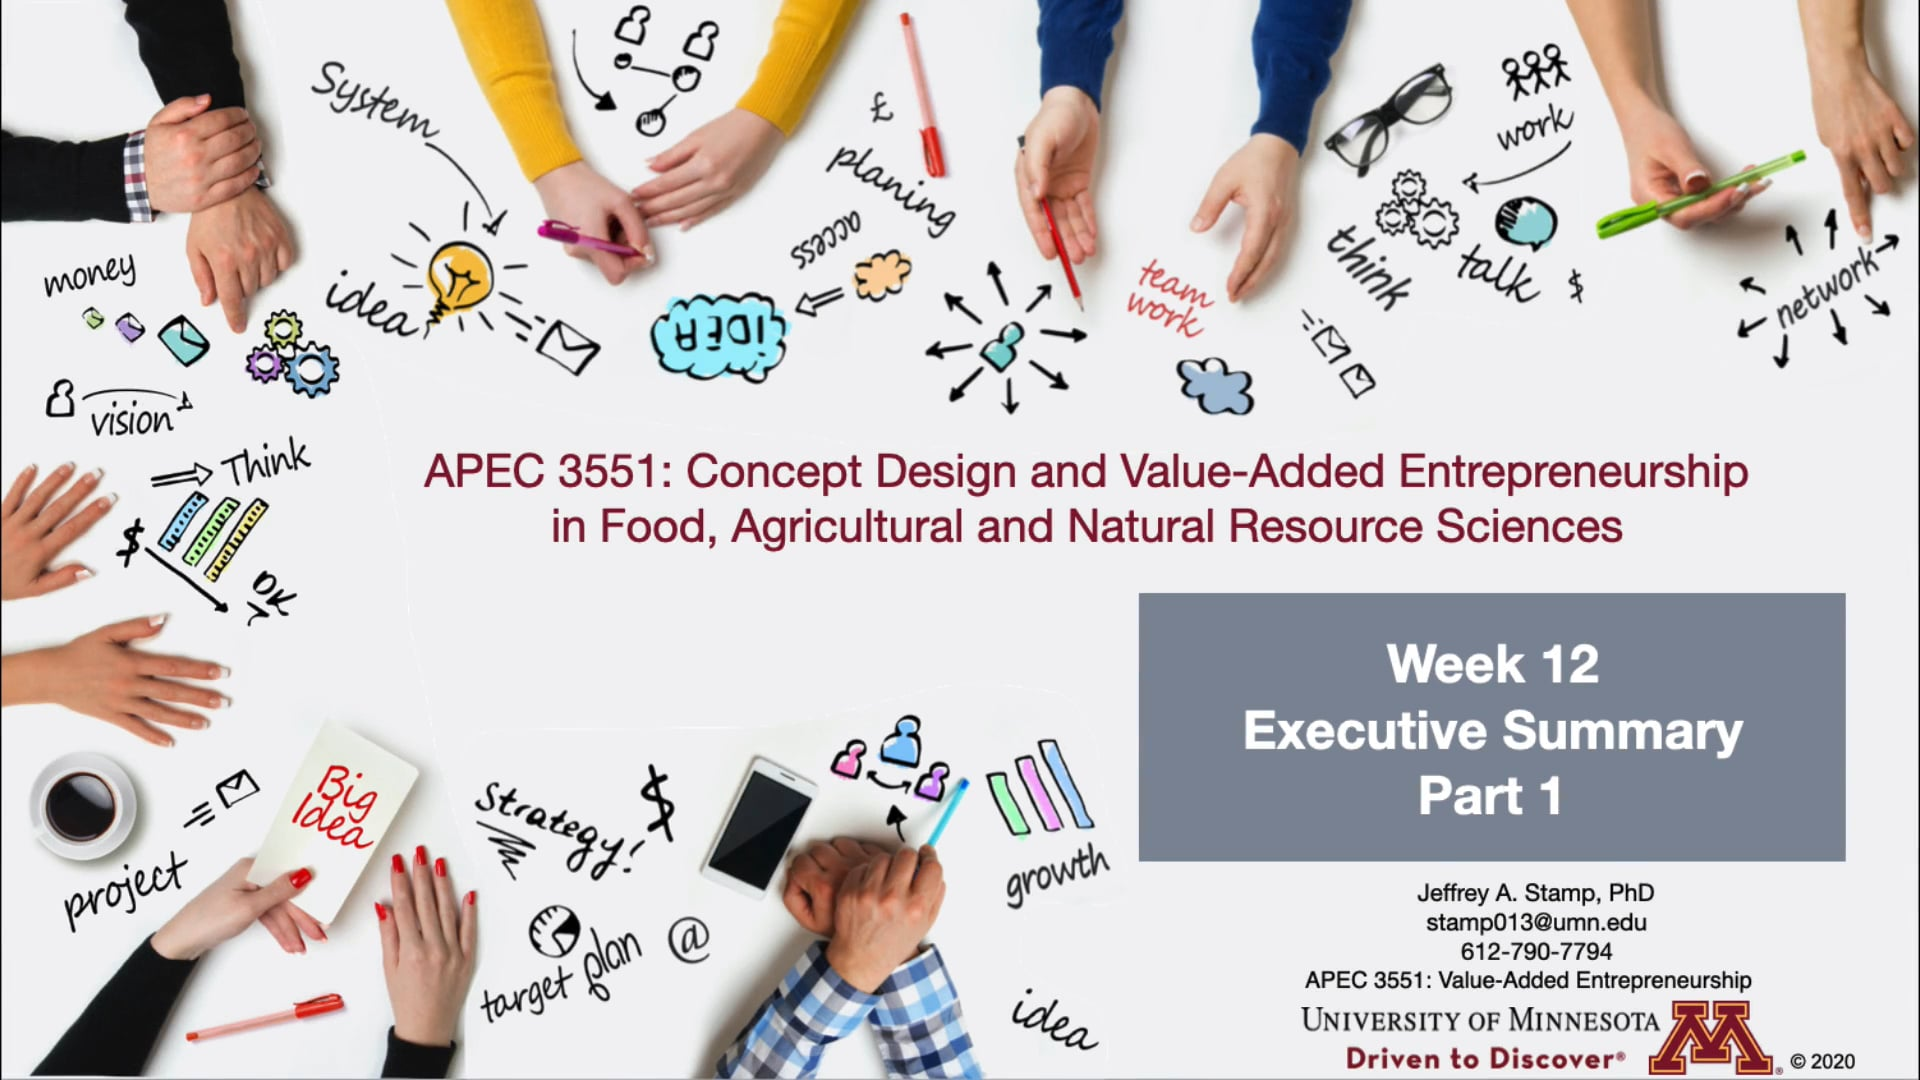 APEC 3551 F20 Week 12 Video 1 Part 1 Executive Summary
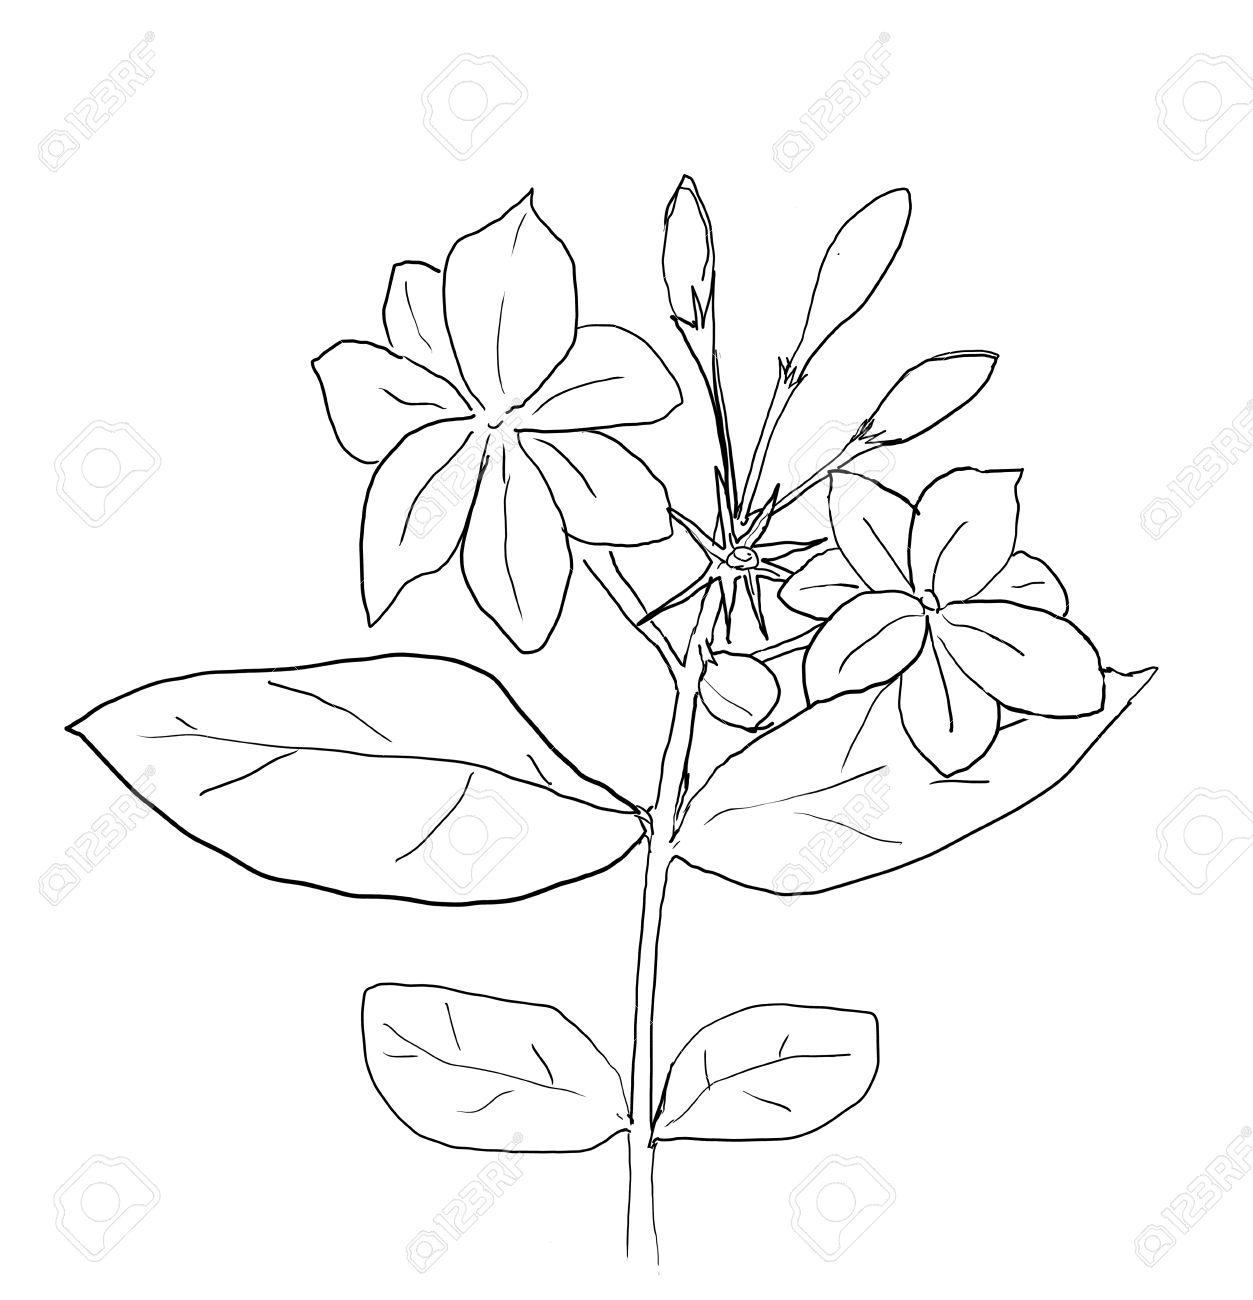 1253x1300 Arabian Jasmine Flower Drawing Line Art Stock Photo, Picture
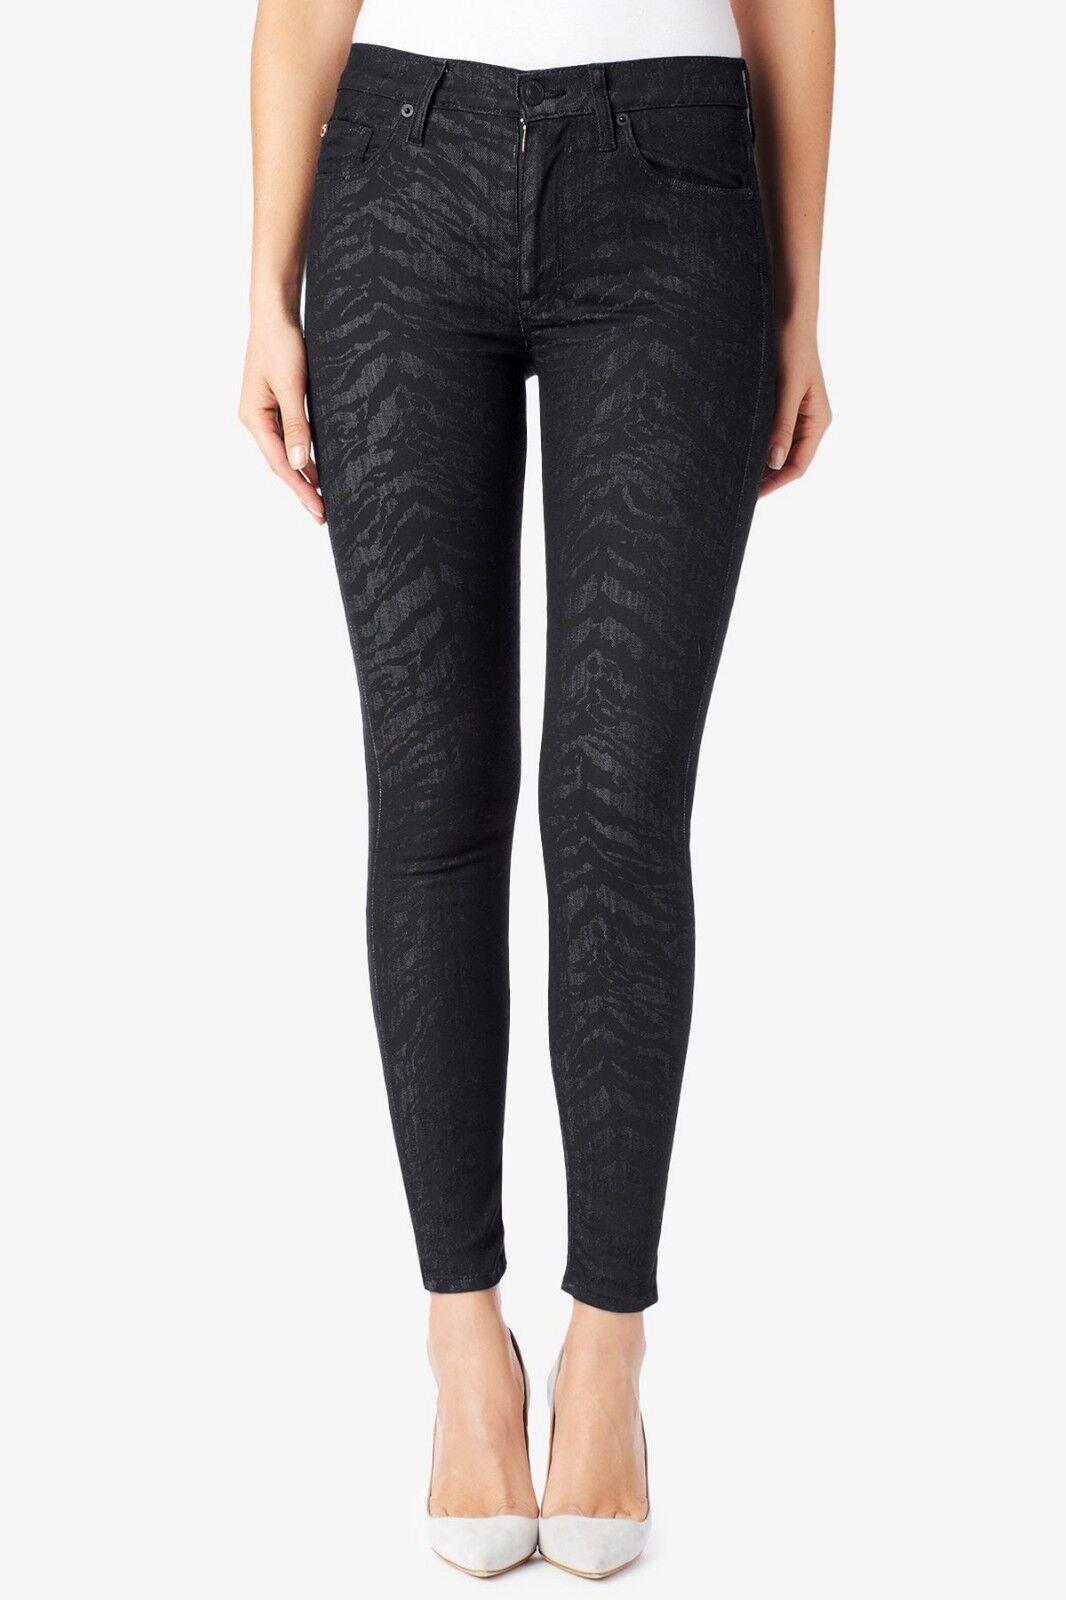 New Hudson Barbara High waist super skinny ankle Jeans Size 26

——

PROBLEM STATEMENT:
Reproduce, word for word, the lines from the one containing "1253x1300 Arabian Jasmine" to the end of the material, both ends included. No picture is copied.

ANSWER BOX:
 1253x1300 Arabian Jasmine Flower Drawing Line Art Stock Photo, Picture
 New Hudson Barbara High waist super skinny ankle Jeans Size 26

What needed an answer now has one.